Christ Absent and Present: A Study in Pauline Christology.
Orr's revised dissertation analyzes the tension in Paul's writings between the absence and presence of Christ, an absence and presence that are experienced simultaneously. This tension is expressed, for example, in Romans 8. On the one hand, Paul states that Christ is "in" the believer (8:10); on the other hand, he declares that Christ is at the right hand of God (8:34). O.'s basic assertion is that by appreciating how Paul conceives the "absence" of Christ--an absence that "is explained by his continuing humanity in which he possesses a distinct and distinguishable resurrection body" (3)--we gain greater precision in understanding what the apostle means when he speaks of Christ's "presence." In short, that presence is mediated presence, whether by Paul, the gospel, the church, or, most especially, the Spirit.
After setting forth his thesis (chap. 1), O. offers in chapter 2 a helpful comparison of the works of Albert Schweitzer and Ernst Kasemann. The purpose of the comparison is to raise essential issues and show different ways that commentators understand the "location" of the exalted Christ (in heaven or on earth) and the manner in which he continues to exercise his agency (impersonal or personal).

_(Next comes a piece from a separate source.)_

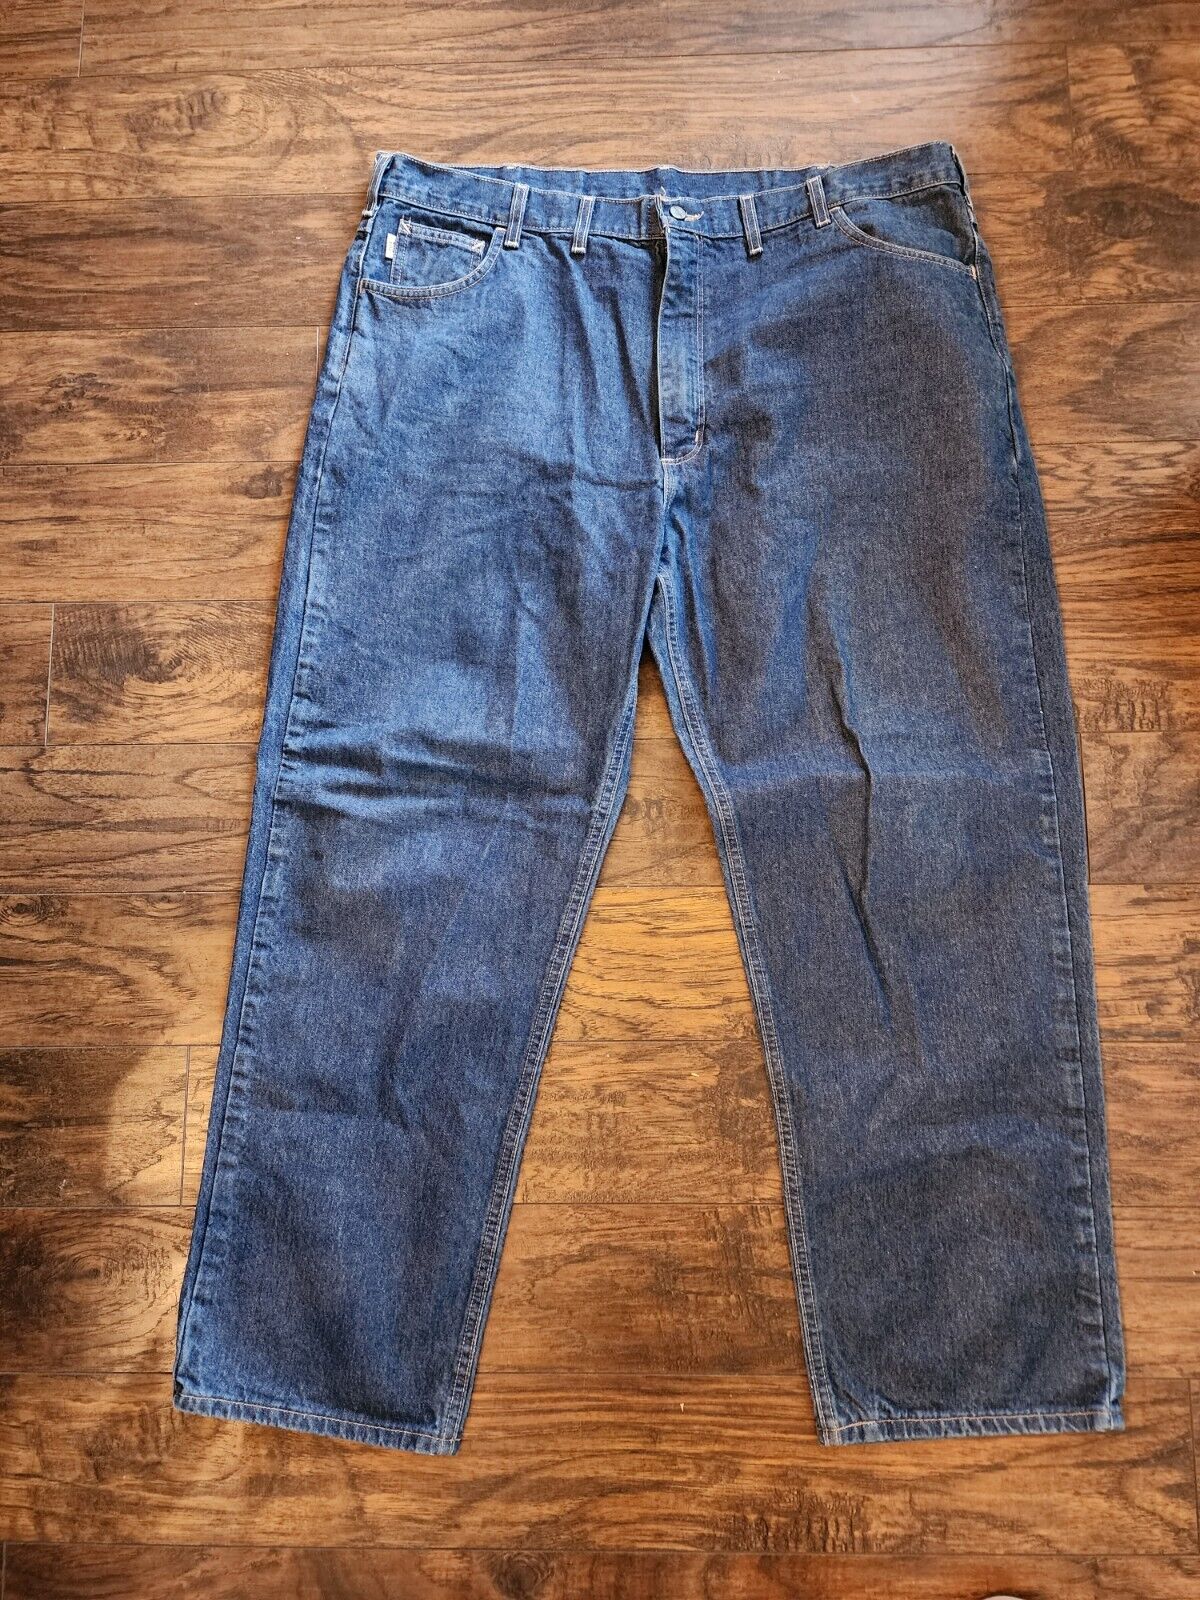 Carhartt Blue Jeans Pants HRC2 Flame Resistant si… - image 1

Chapter 3 makes the case for Christ's "absence." The key texts are Philippians 1:23 (where Paul expresses his desire to depart [i.e., die] in order to be with Christ) and 1 Thessalonians 4:15-17 (where Paul describes Christ's parousia from heaven). Both texts illustrate that Christ is now, in some real sense, absent from believers. Chapter 4 then treats the topic of the nature of the exalted Christ's body. Appealing to 1 Corinthians 15 and Romans 8, O. explains what is meant by Christ's resurrection body as "heavenly" and "spiritual," that is, transformed by the Spirit for eschatological existence. Crucial for O. is that the risen Christ "remains a human being and retains an individual bodily nature" (101), one that is discrete and therefore "located." In so doing, O. is positioned to argue in chapter 5 that Paul conceives of Christ's absence as a "bodily absence." Illustrative of O.'s exegesis is his interpretation of 2 Corinthians 5:7, namely, that Paul claims, in the present, to live in the sphere of faith rather than in the presence of the visible form of the exalted Christ.
With this foundation in place, O. takes up the question about how to understand the various ways in which Paul teaches that Christ is present. O. provides a useful taxonomy of modes of Christ's presence: epiphanic (chap. 6), dynamic (chap. 7), and bodily (for example, in individuals, the church, and the Lord's Supper--chap. 8). O.'s concern throughout these chapters is to provide nuance to what Paul means by Christ's presence in light of his absence.
A major virtue of O.'s text is its explanation of the Spirit's role in mediating the presence of Christ. Against interpreters who claim that Paul elides the risen Christ with the Spirit (for example, "Christ is experienced as the Spirit"), O. makes a strong case for operating with a more "personal" or "hypostatic" conception of the Spirit. In short, "there is distinction as well as unity between the Spirit and Christ. The presence and activity of the former serve as a substitute for the absence of the latter" (218). In a similar vein, his insistence on the sense of Christ's absence in connection with the various ways he is "embodied" (e.g., the church as "Christ's body") prevents an identification without remainder. But do the various mediations of Christ's presence render them in any sense less real as O. at times seems to suggest?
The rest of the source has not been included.